Developers write the code and create an appealing product with the help of designers. The code is the heart of an app or website, because without the code a product could not be developed digitally. So what could be more important? Quite simply, because "the customer is king" - not only when shopping in a shopping mall or drinking coffee in a café around the corner, the creation of digital products is also only successful because of one thing: the users. If they are dissatisfied with the operation of an app, it is quickly uninstalled.
But how can I involve the user in the development? Surely no potential user likes to follow the difficult process of developing an app for months on end, in order to regularly mention his preferences and needs. There is a much faster and more proactive solution. UX and UI tools are the best solution to understand the user, discover his needs and significantly improve programming.
Unlike computers, people can be influenced by digital projects such as apps or portals, especially through visual and structural design. It is not uncommon for users to find that certain functions are missing or not catchy enough in a finished project. These then have to be changed or re-integrated at a later date, which means additional work and higher costs. This means that a lot of potential is wasted right from the start, because the user does not get to know the product optimally. As a rule of thumb it is said that the cost is 10€ if you make a change to the code before the app is finished and it costs 100€ to fix an error in an already finished app. But not only direct costs are saved, like by avoiding misdevelopments. Also indirect costs play a big role. If you concentrate on the user and his needs right from the start, the product can be developed more efficiently and faster - that saves important development costs. Also the "time-to-market", i.e. the period of time to sell the product, is shortened and can bring in more money, because if you bring the product onto the market earlier than the competition, you may reach a larger clientele and thus make even greater sales. Although the lines of code of a project are extremely important, UX/UI tools are indispensable for meaningful planning and efficient implementation. A delayed completion of the final product ultimately reduces the profit.

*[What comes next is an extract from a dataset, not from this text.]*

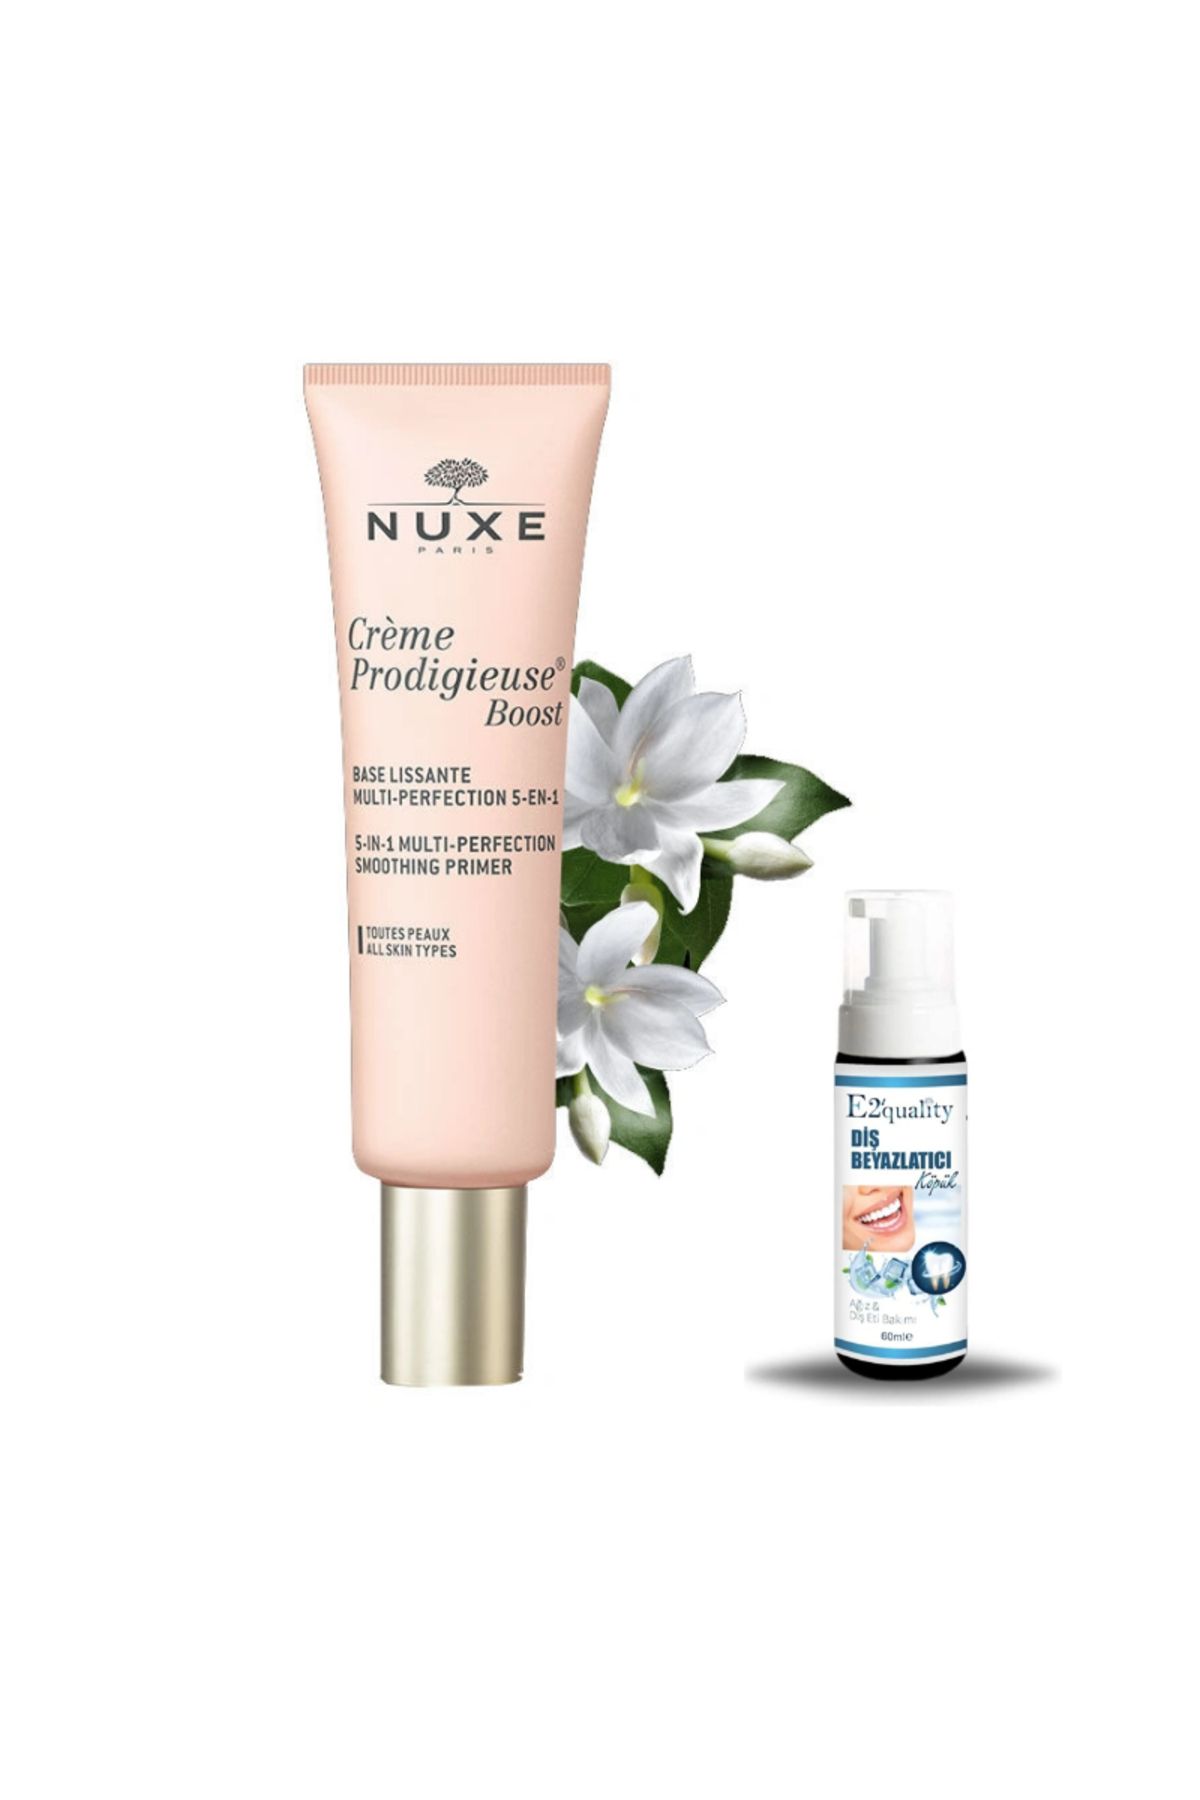 Nuxe Creme Prodigieuse Boost 5-in-1 Multi-Perfection Smoothing Primer 30 ml +Diş Beyazlatıcı Köpük Hediye
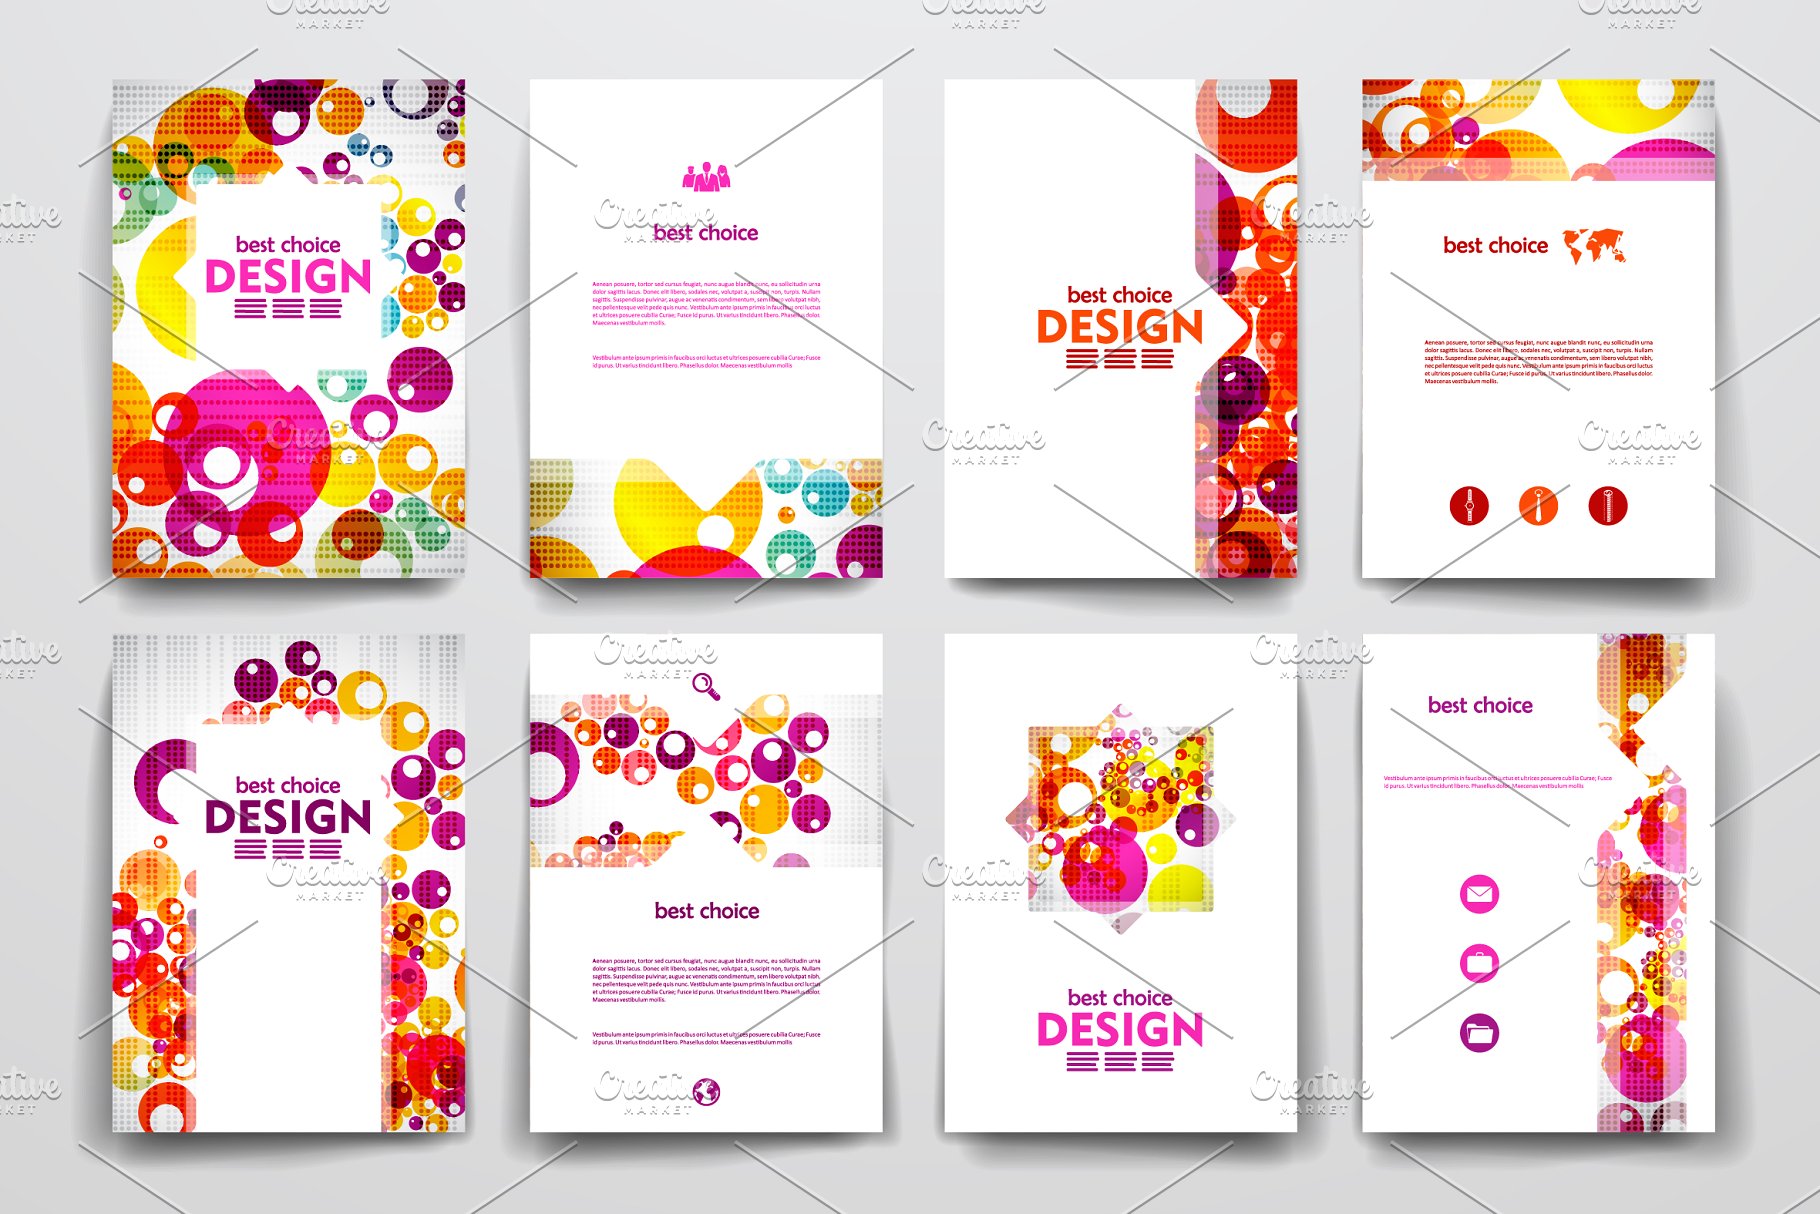 一套彩色抽象风格小册子模板  Colourful brochure templates插图

Above all, customer satisfaction is the be-all and end-all for a product. What happens if problems occur during use or the user does not find his way around? Dissatisfaction arises and the product may no longer be used - this also reduces profit. Customer dissatisfaction also spreads because users talk about their experiences with a product. Positive impressions, on the other hand, lead to positive reviews that can attract more customers. UX/UI tools are not only helpful for the successful marketing of a new product, they are also necessary to understand future users and increase their satisfaction.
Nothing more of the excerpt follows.